Performance of carbon-supported palladium and palladiumsingle bondruthenium catalysts for alkaline membrane direct ethanol fuel cells

https://doi.org/10.1016/j.ijhydene.2016.04.053Get rights and content

Highlights

  • Pd/C and PdxRu/C nanoparticles are successfully prepared.

  • The catalytic activity of samples is studied electrochemically.

  • The samples are evaluated in alkaline direct ethanol fuel cells.

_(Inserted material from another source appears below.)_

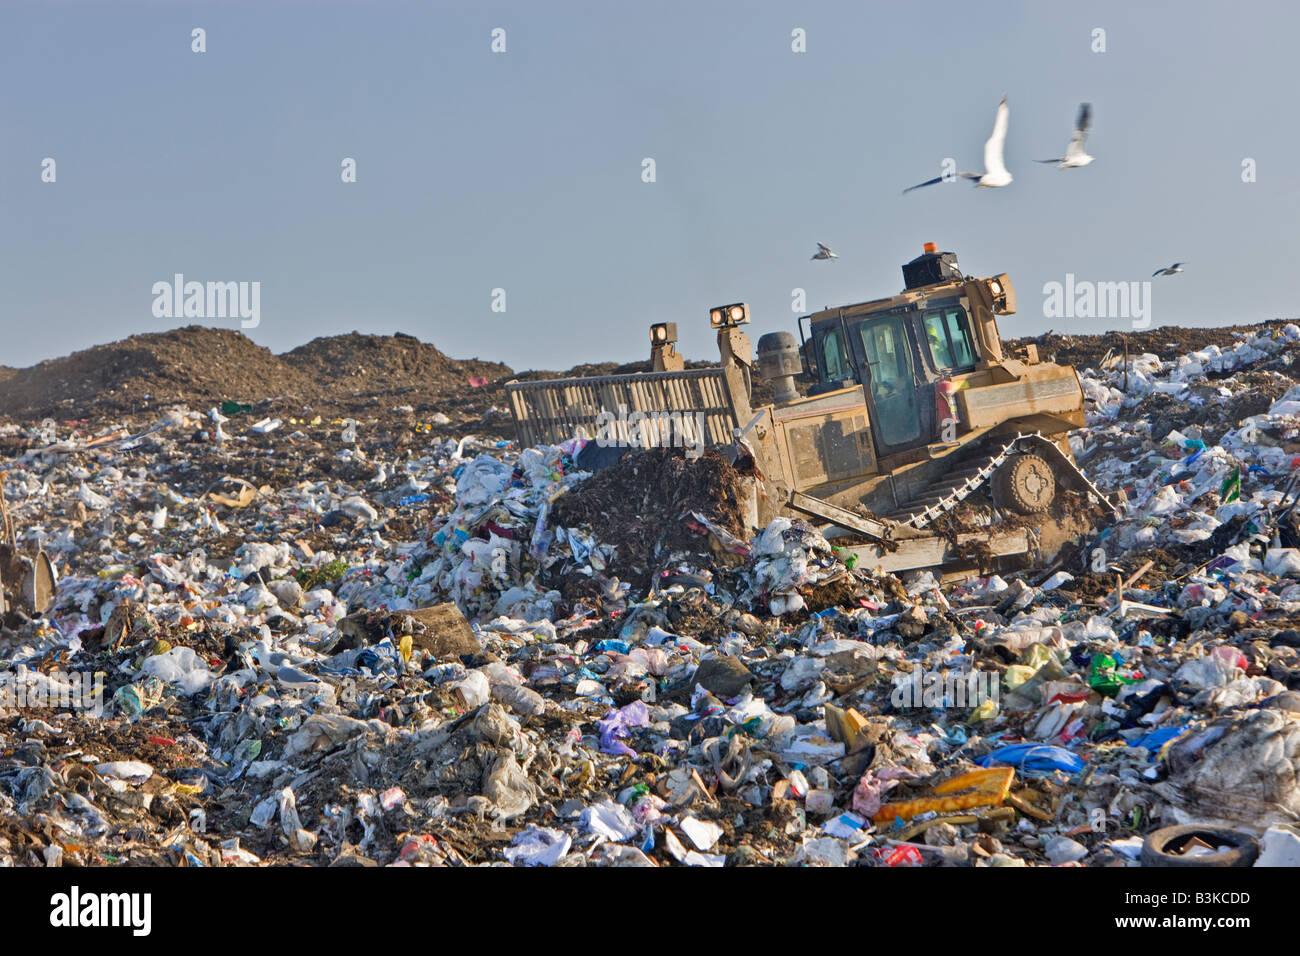 Tractor compactor/dozer pushing trash at landfill. - Stock Image

  • Pd12Ru/C shows higher single cell activities than PtRu/C.

Abstract

The activity of carbon supported palladium-based catalysts towards ethanol oxidation reaction in alkaline medium is investigated. To this end, Pd and PdxRu (x = 1, 6, 12) materials are synthesized supported on Vulcan XC72R by a modified impregnation method. These materials are characterized physicochemically and their composition varies between 40 and 50 wt. % of metal content. The mean size of nanoparticles is below 4 nm, and the size of the majority of particles ranges from 2 to 6 nm. The catalytic activity of these samples is also tested in half-cell and alkaline membrane direct ethanol fuel cell (AMDEFC). Lower onset potential and higher oxidation current densities is observed in palladium-rich bimetallic catalysts. By using the prepared samples as anode of AMDEFC and a commercial membrane of polybenzimidazole as solid electrolyte, the maximum power density is observed for Pd12Ru/C, 97 mW cm−2, almost doubling the value achieved by the catalyst Pd/C (50 mW cm−2), and above the obtained by commercial PtRu/C catalyst (89 mW cm−2).

Introduction

Polymer electrolyte membrane fuel cells (PEMFC) are devices that are attracting great interest in recent decades due to the high power densities that are capable of reaching at relatively low temperatures. Hydrogen and methanol have been the most common fuels used in these devices. However, both have certain drawbacks, such as the problems of production, storage and distribution of hydrogen or the toxicity of methanol [1]. An alternative to these fuels is the use of ethanol, cheaper and less toxic than methanol. The oxidation of ethanol has been the topic of numerous research papers in recent years [2], [3], [4], [5], [6], [7]. It is mainly due to the high energy density and thermodynamic efficiency of this fuel, in addition to the fact that ethanol is considered a green chemical. It can be produced in large quantities as a renewable biofuel from the fermentation of biomass and, in addition, both ethanol and its final oxidation products (CO2 and water) are relatively non-toxic.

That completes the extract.